Exercise details: Copy each line below word for word and drop every image.

The data:
———
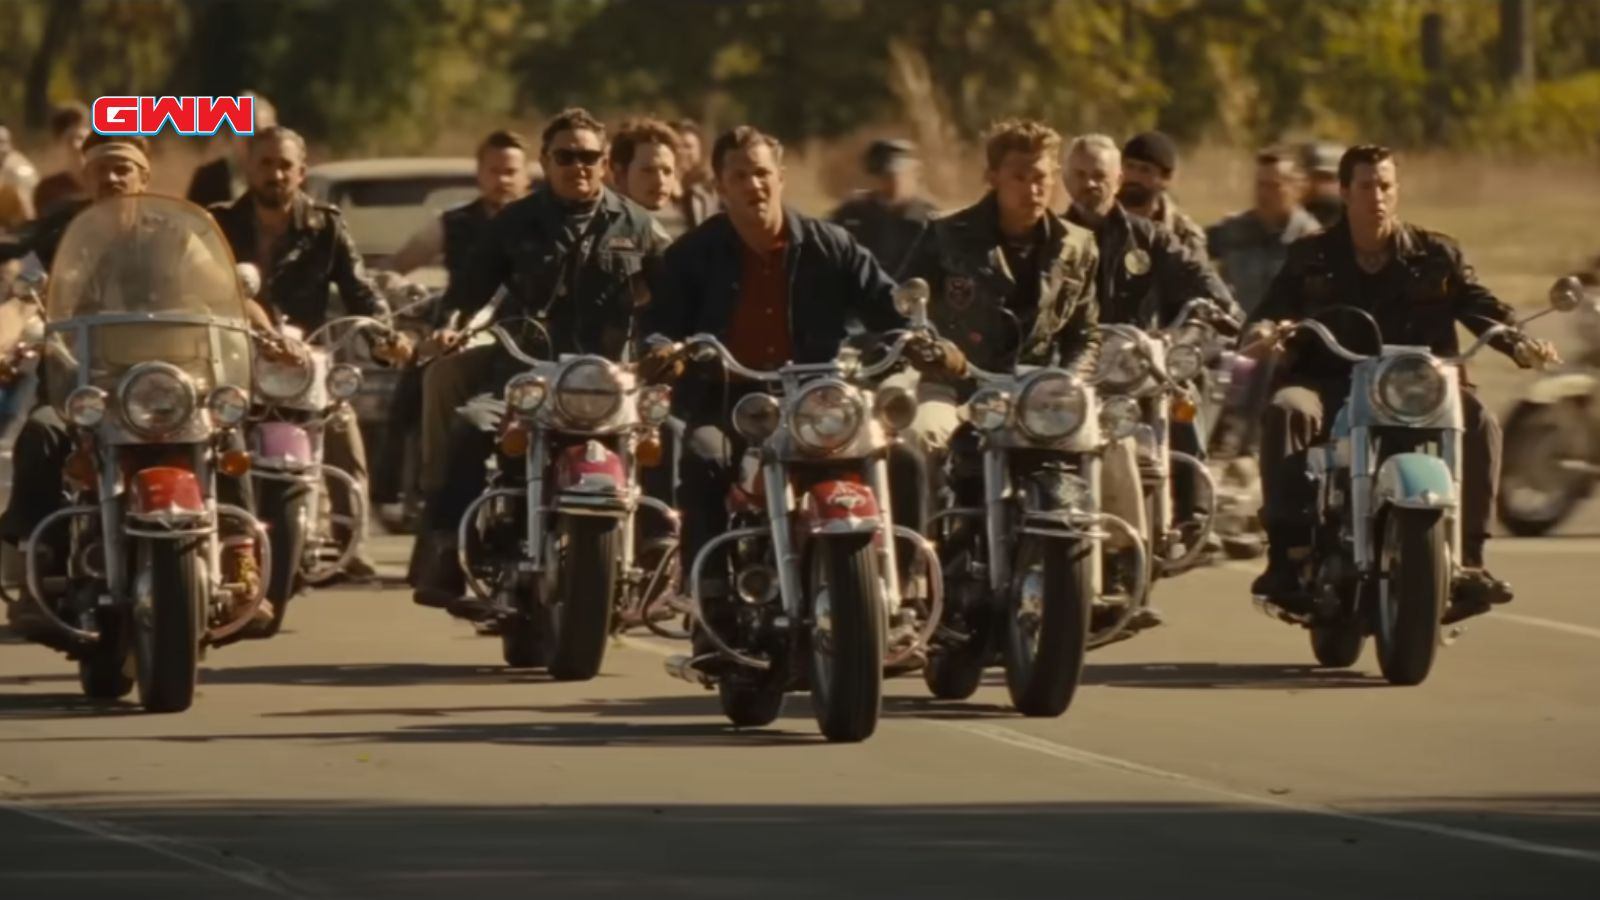 Un grupo de motociclistas viajan juntos en motocicleta por una carretera.
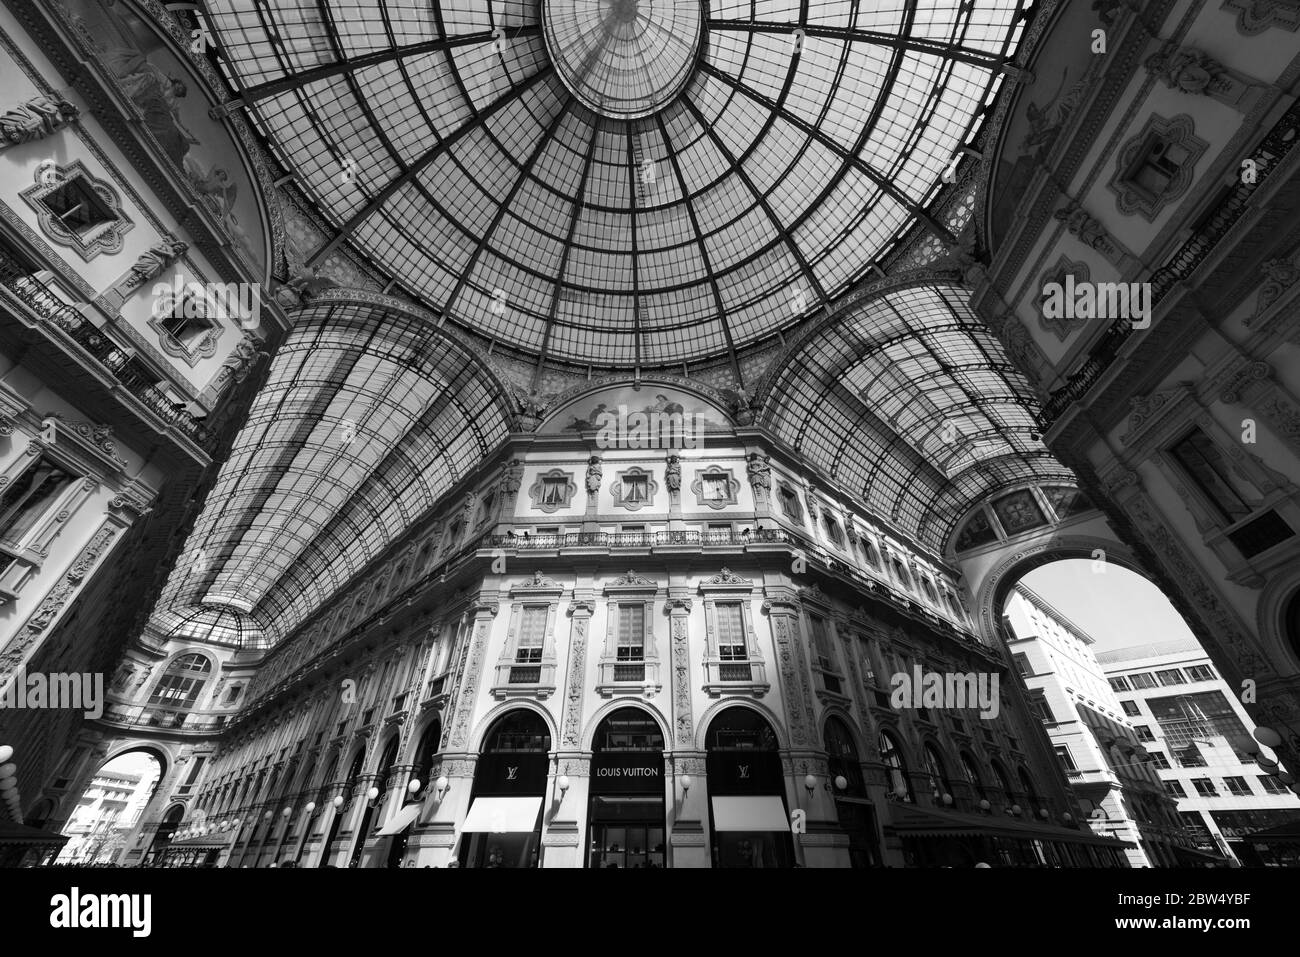 MILANO - 16 MARZO 2018: Immagine in bianco e nero degli interni decorati della Galleria Vittorio Emanuele II, situata a Milano Foto Stock
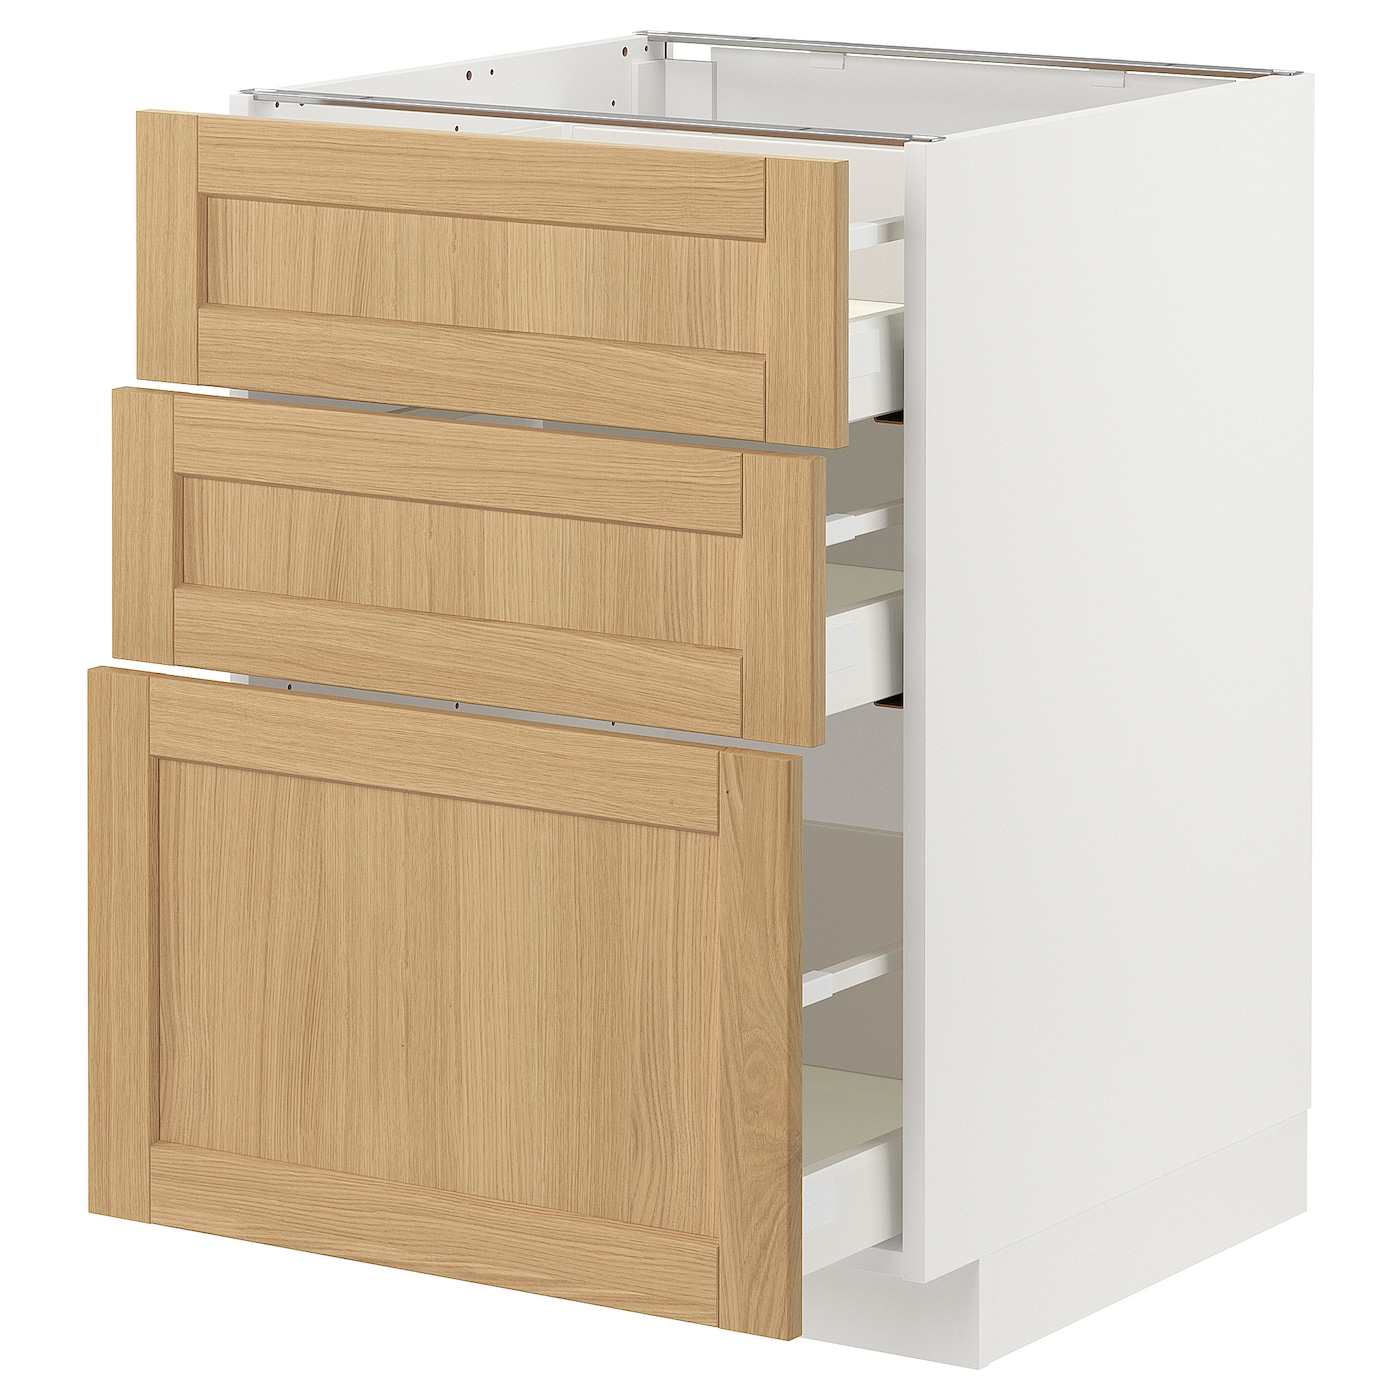 Напольный шкаф - METOD / MAXIMERA IKEA/ МЕТОД/ МАКСИМЕРА ИКЕА,  60х60 см, белый/под беленый дуб
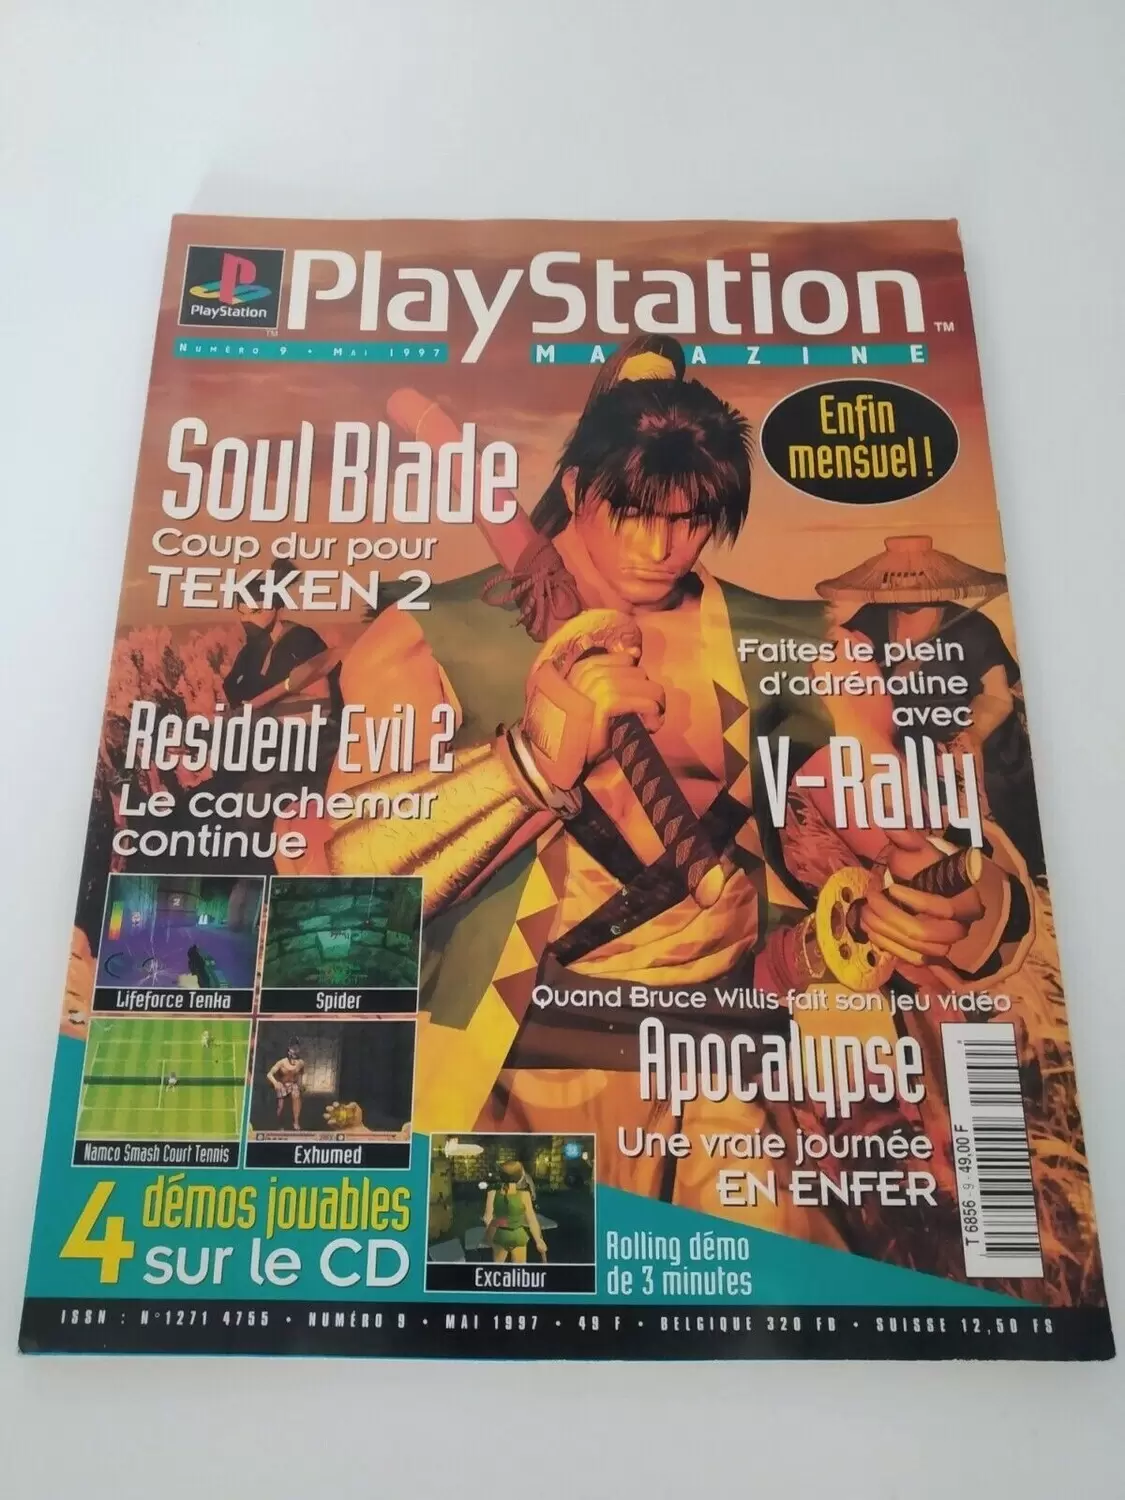 Playstation Magazine - Playstation Magazine #09
———
Answer to this problem:
 Un grupo de motociclistas viajan juntos en motocicleta por una carretera.
 MILANO - 16 MARZO 2018: Immagine in bianco e nero degli interni decorati della Galleria Vittorio Emanuele II, situata a Milano Foto Stock
 Напольный шкаф - METOD / MAXIMERA IKEA/ МЕТОД/ МАКСИМЕРА ИКЕА,  60х60 см, белый/под беленый дуб
 Playstation Magazine - Playstation Magazine #09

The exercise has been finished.